But the thoughts about spring still made little sense. I stared at the naked tree branches and spindly bushes filling the forest and longed to get a glimpse of green buds. The evergreen trees drooped as well, their brittle pine needles burnished brown, making last-ditch efforts to cling onto tree limbs. No hint of life was forthcoming. This past year left no hope. Spring? Why in heaven’s name did that idea of spring plague me? It had become a cruel joke, a charade that taunted me. What torture to perceive it only in my mind when everywhere I looked, its opposite ridiculed me for thinking it. The barren plants and trees filled me with emptiness, a hollow spot in my chest where my heart used to beat with hope.

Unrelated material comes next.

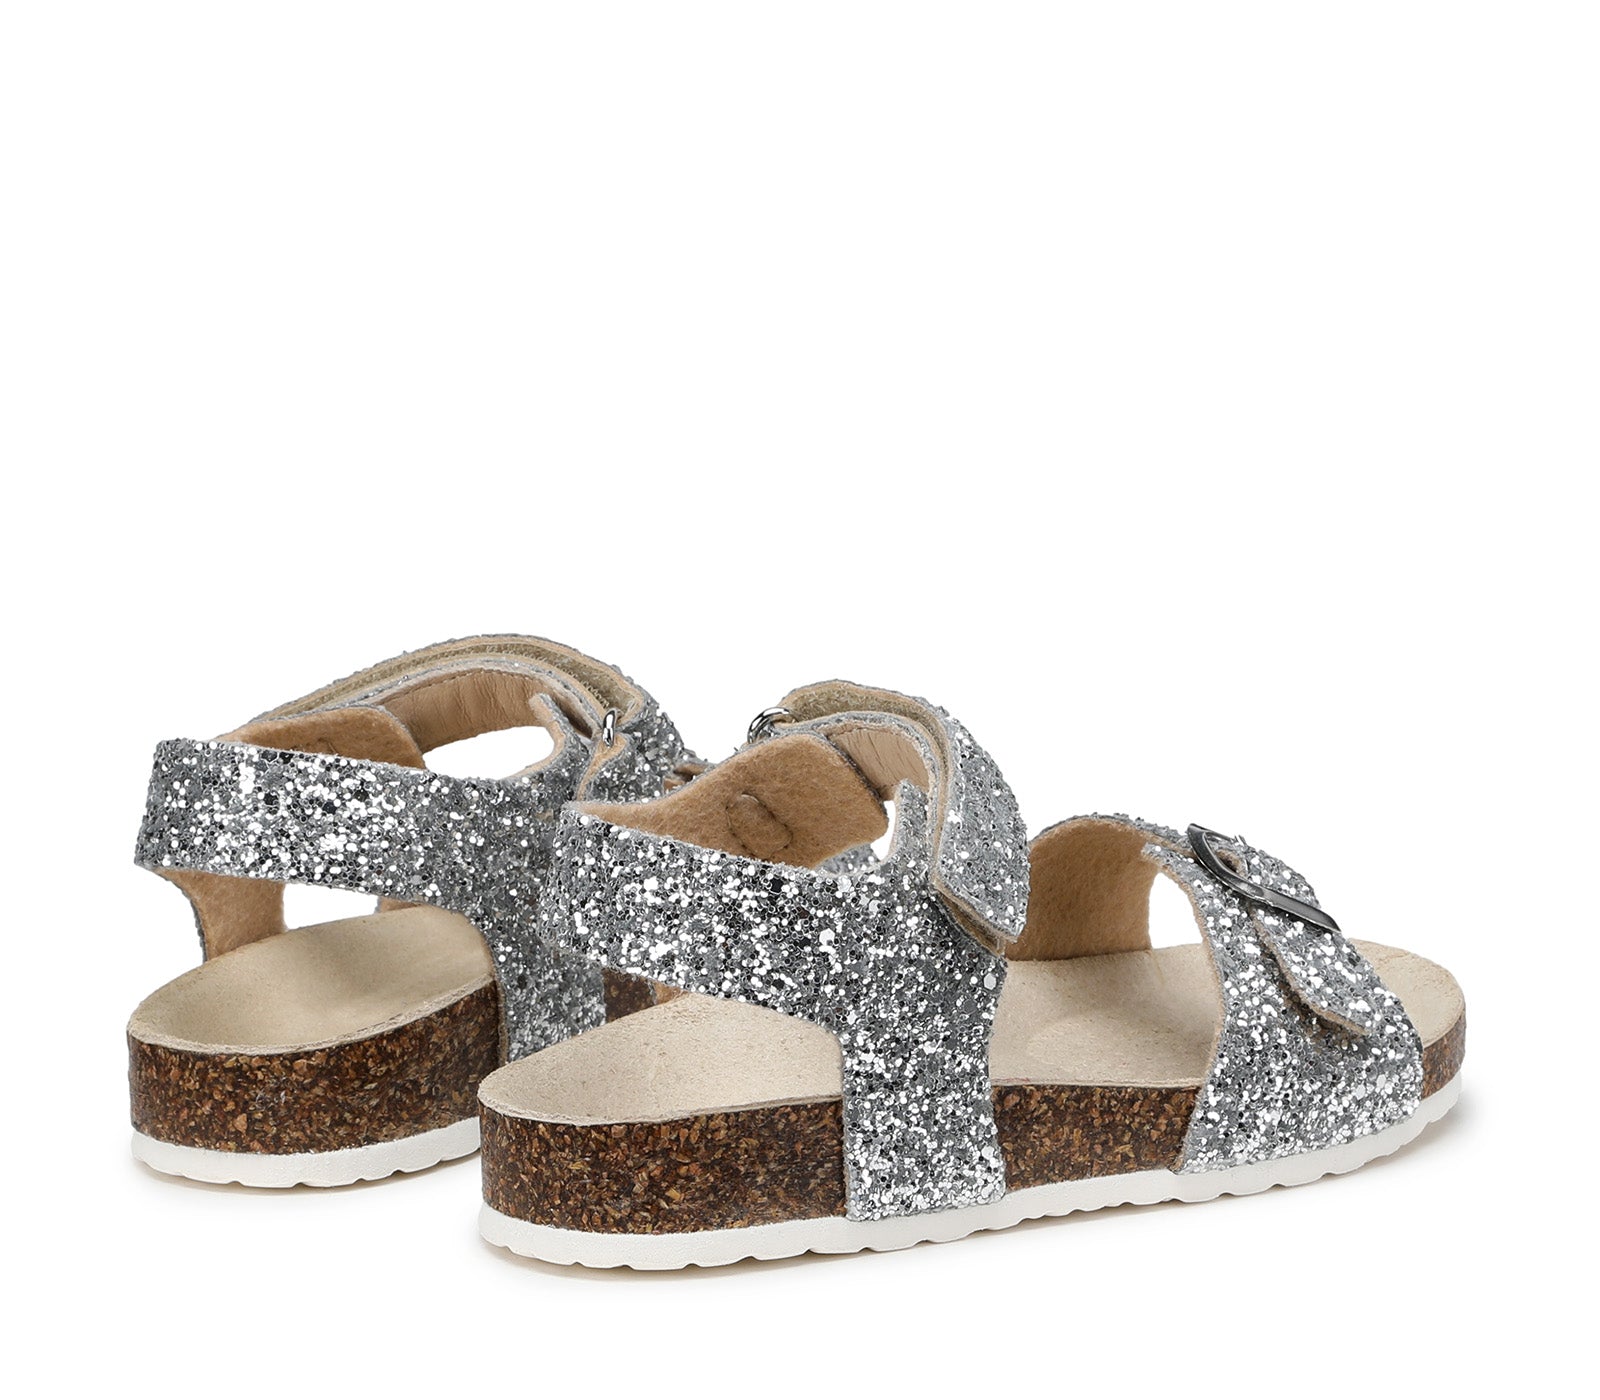 Children's Silver Glitter Sandals with Velcro Closure and Contoured Insole

So unfair. Springtime should fill me with life, joy and beauty, not act like a trickster, dangling false promises.
I wasn’t the only one acting unsettled. Ethan paced back and forth across the room, a man possessed. I knew he was gathering the courage to do something. Worn areas of carpet showed where he'd paced in the past. Isolation and lack of food had taken their toll. Hunger deprived his body of energy and overwhelmed his emotions—I knew where he was coming from. Besides, Ethan was an active guy, who enjoyed getting out and doing things. This confinement tormented him. His eyebrows furrowed and his jaw clamped into a stern expression. Like a pot of boiling water about to spill over, he glared at me.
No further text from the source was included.